In 1982 I was a young man with a young family?? my fascination with electronics and the like told me
I had to take note of the home computer boom!! so I saved and brought a Commodore Vic-20. A 6502 processor
based machine(TOY) with 3.5Kb of memory and programs loaded via a cassette tape deck. As you may guess
I soon grow tired of this.
I then built something called a UK101 this as its name suggest was a BRITISH copy of a US superboard,
another 6502 based machine, but more memory 16K at least, I added a sound chip the AY-3-8910 from General
Instuments.This chip also included 2 indirectly addressed 8 bit I/O ports, so I added joysticks too.

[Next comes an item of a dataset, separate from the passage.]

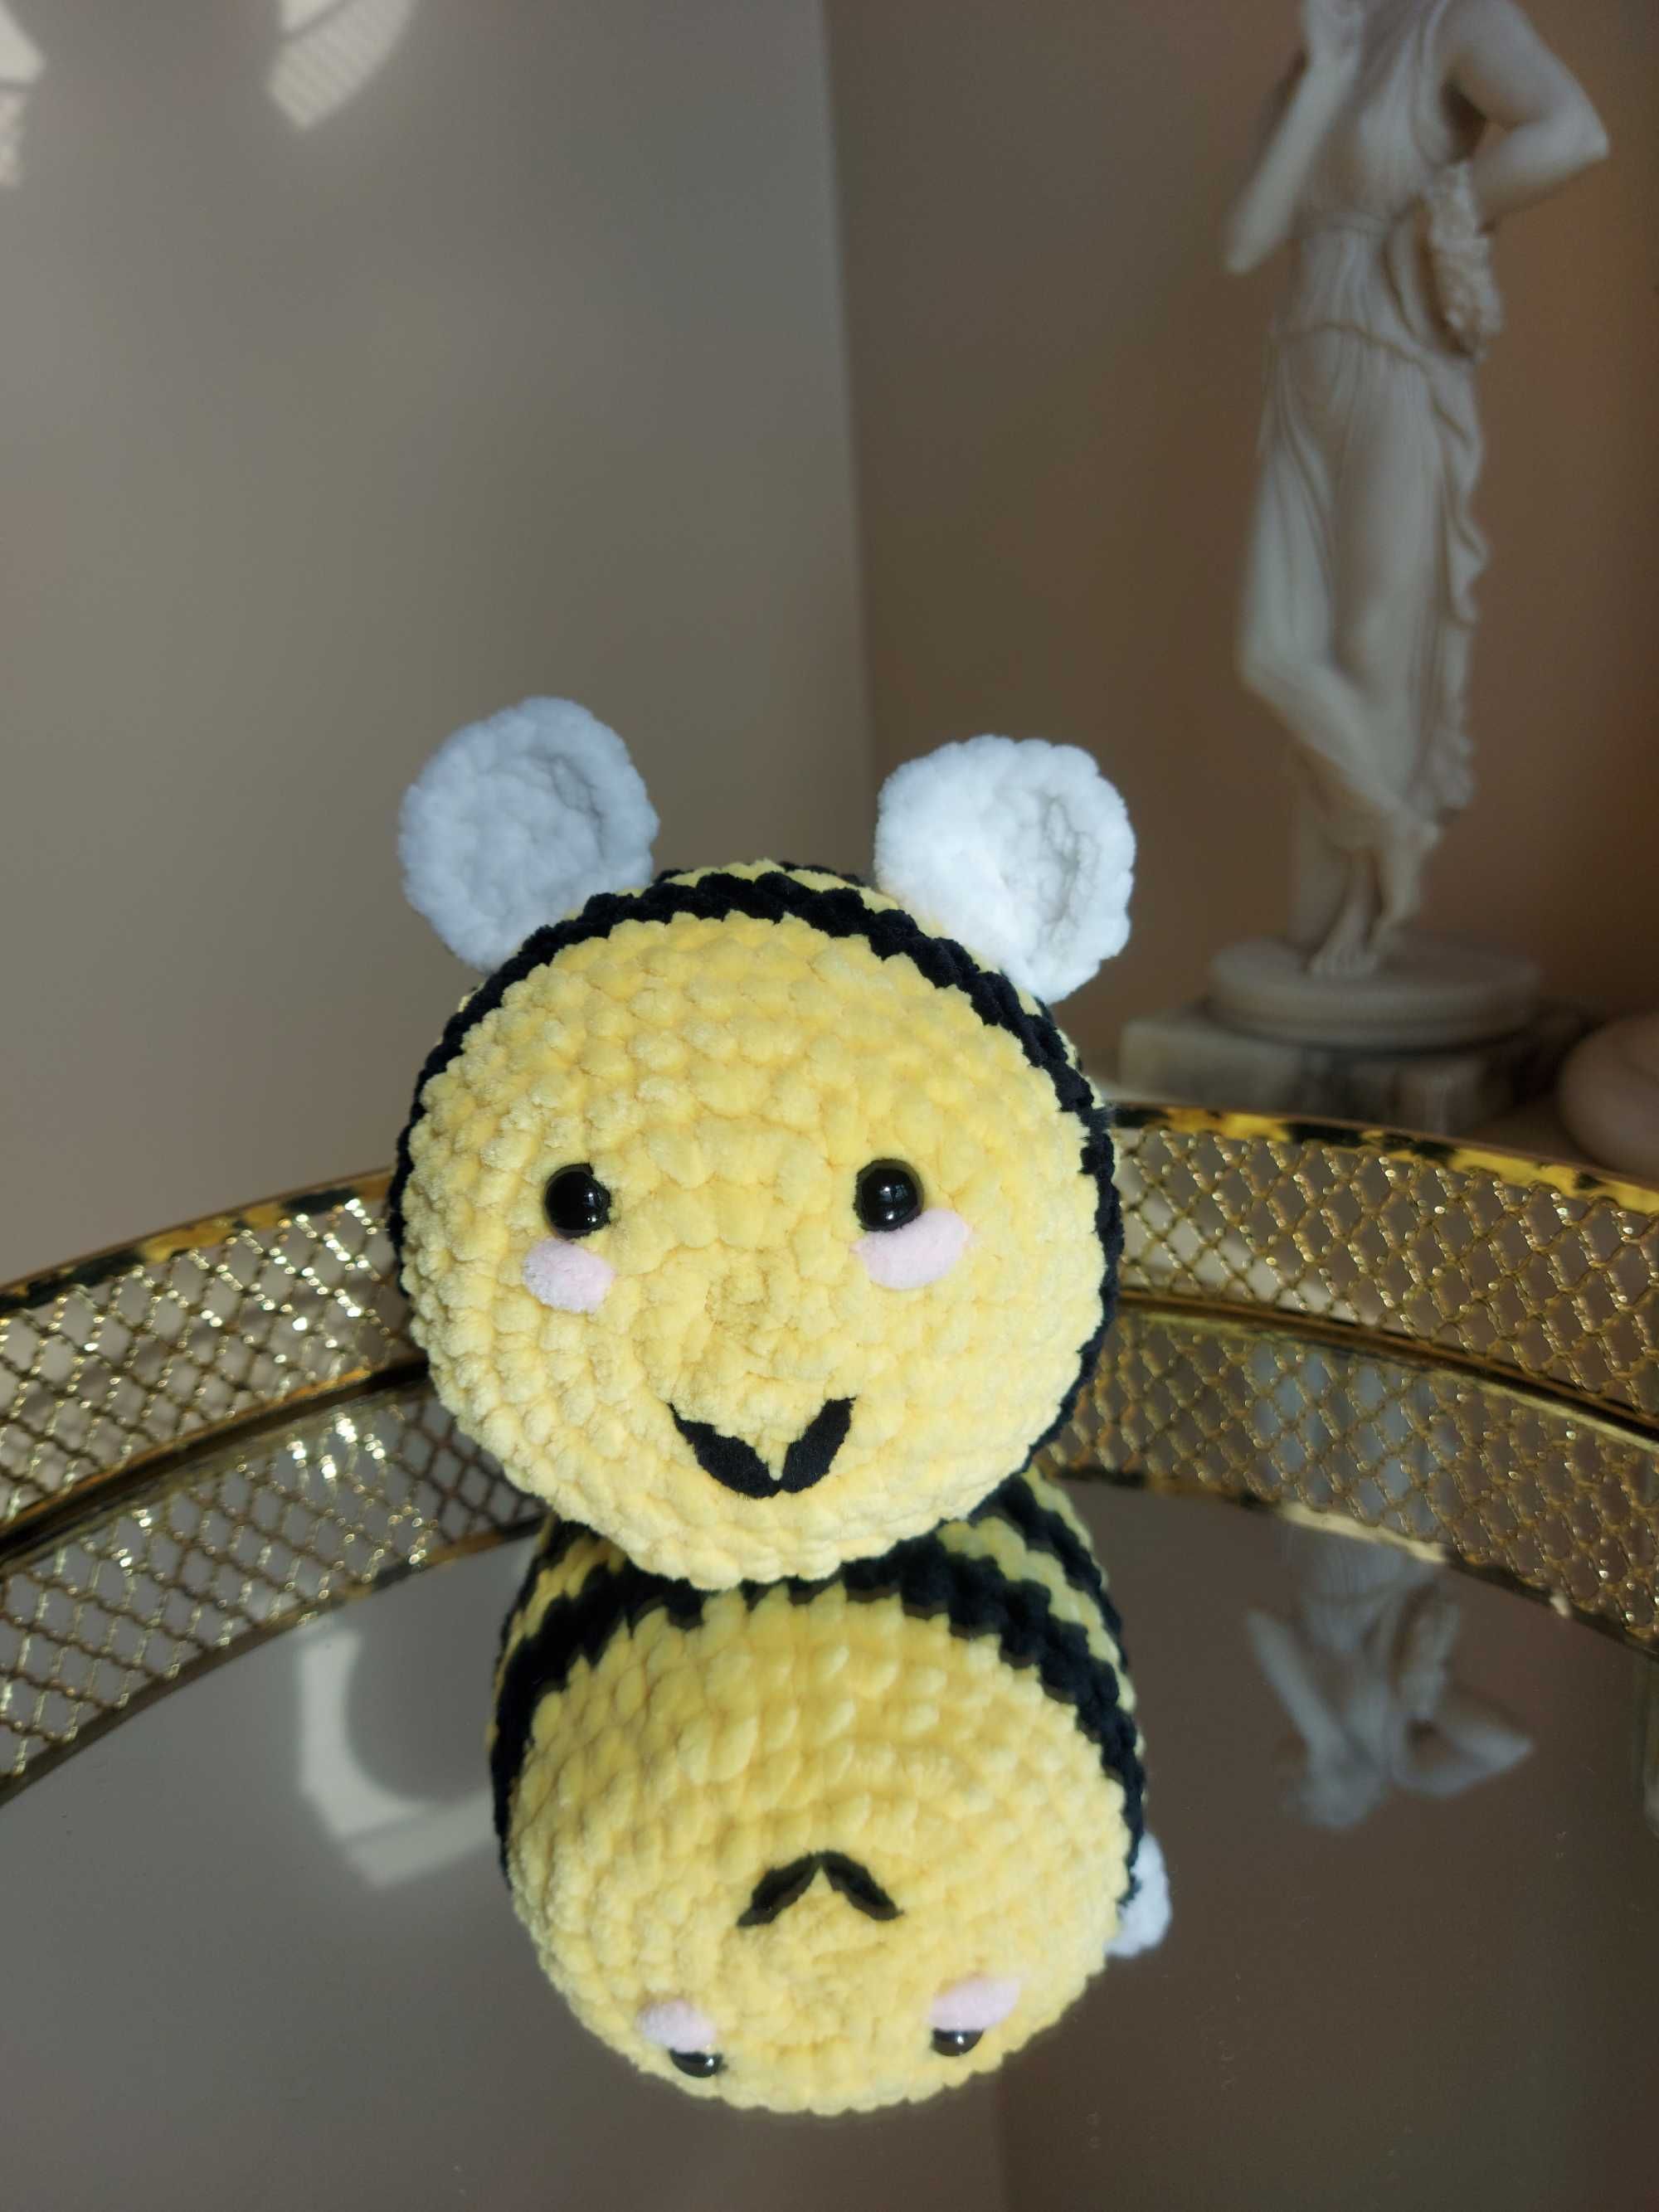 Pszczółka wykonana ręcznie na szydełku
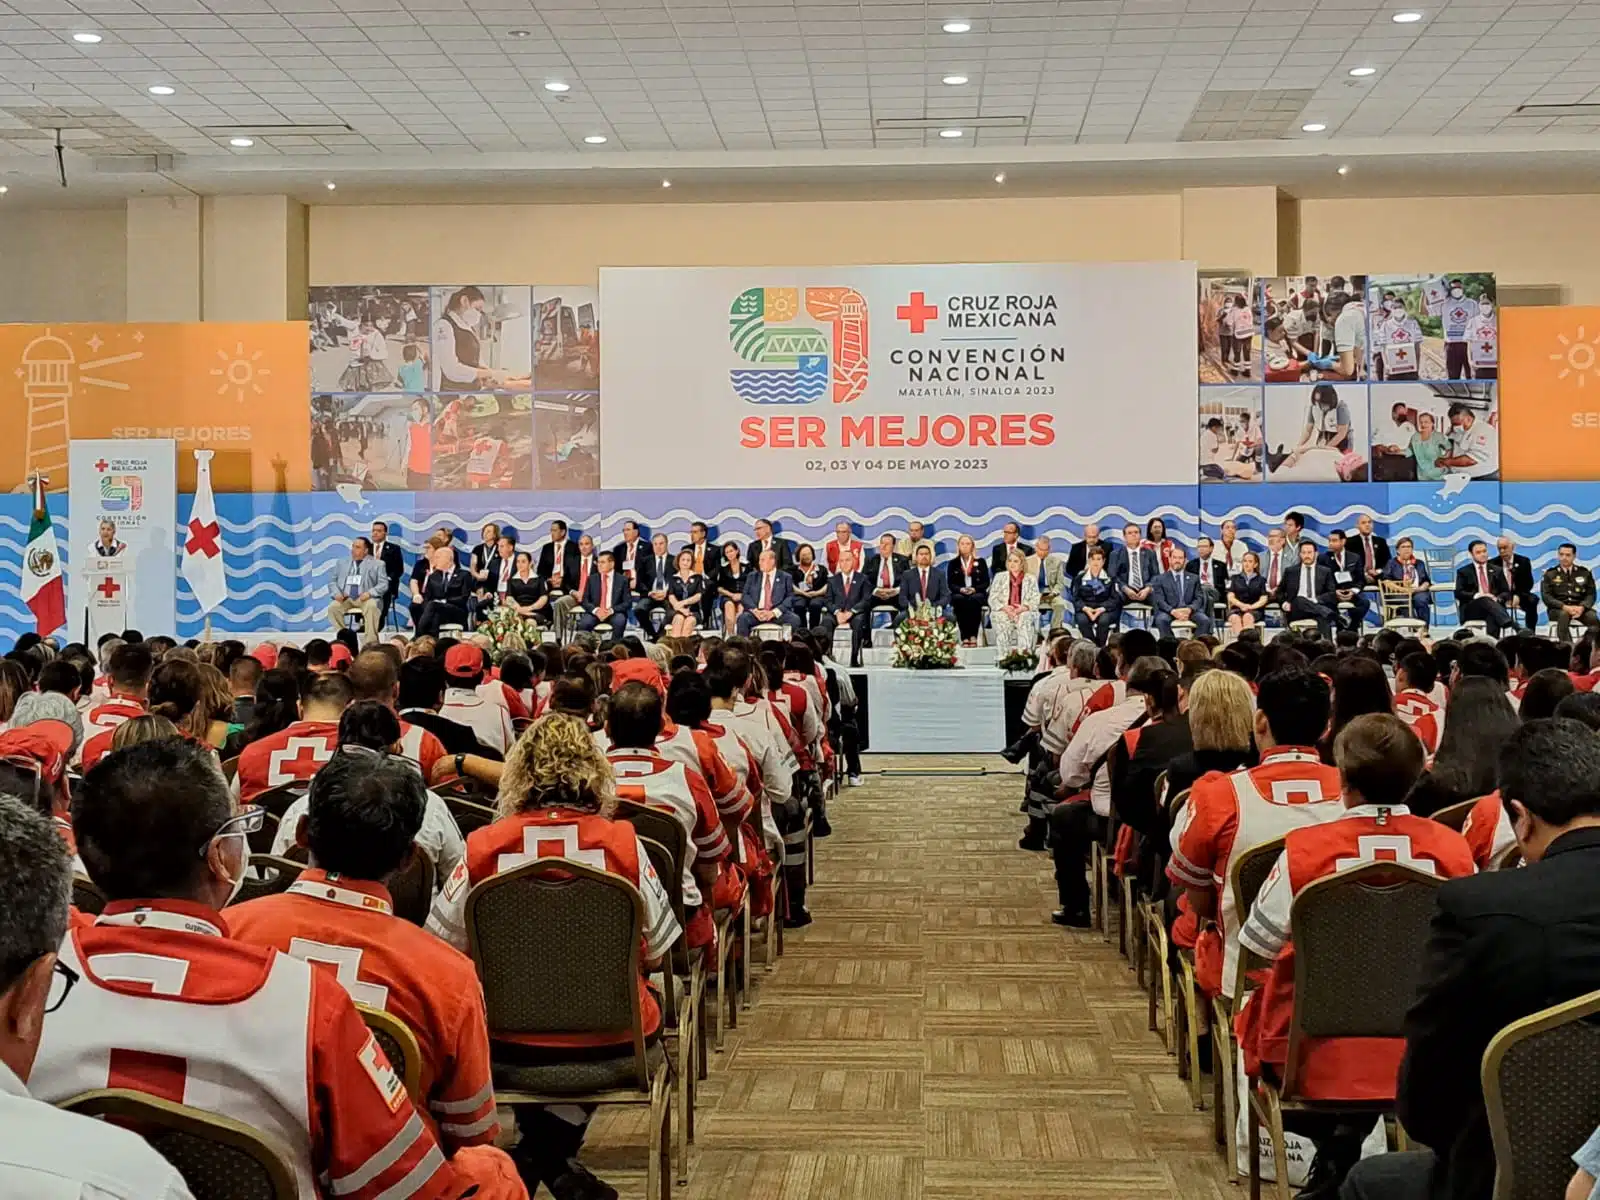 51 Convención Nacional de Cruz Roja Mexicana

The system clock was run from a simple NE555 timer chip, the frequency changed has the machine warmed up
(the mains transformer was inside the case, as was the keyboard, etc) so a tape program that loaded earlier
did'ent always do so next time...
At this time the photographic retailer I worked for (and still do) decided to get into computers, being the
only one there that know one end from the other I got the job of selling them. So I went on courses for
BBC's Atari's Commodore 64's and sold more Spectrums than I care to remember! and the Prism 1200Bd modem
that went with it. It was bulletting boards then the very slow forerunner of the Internet..
But I still needed something else, the most popular proccessor was the Z80 from Zilog this was used in Spectrums,
Lynx's Sharp's MZ80A/K, Nascoms and many more. It also supported the CP/M disk operating system (a DOS to you).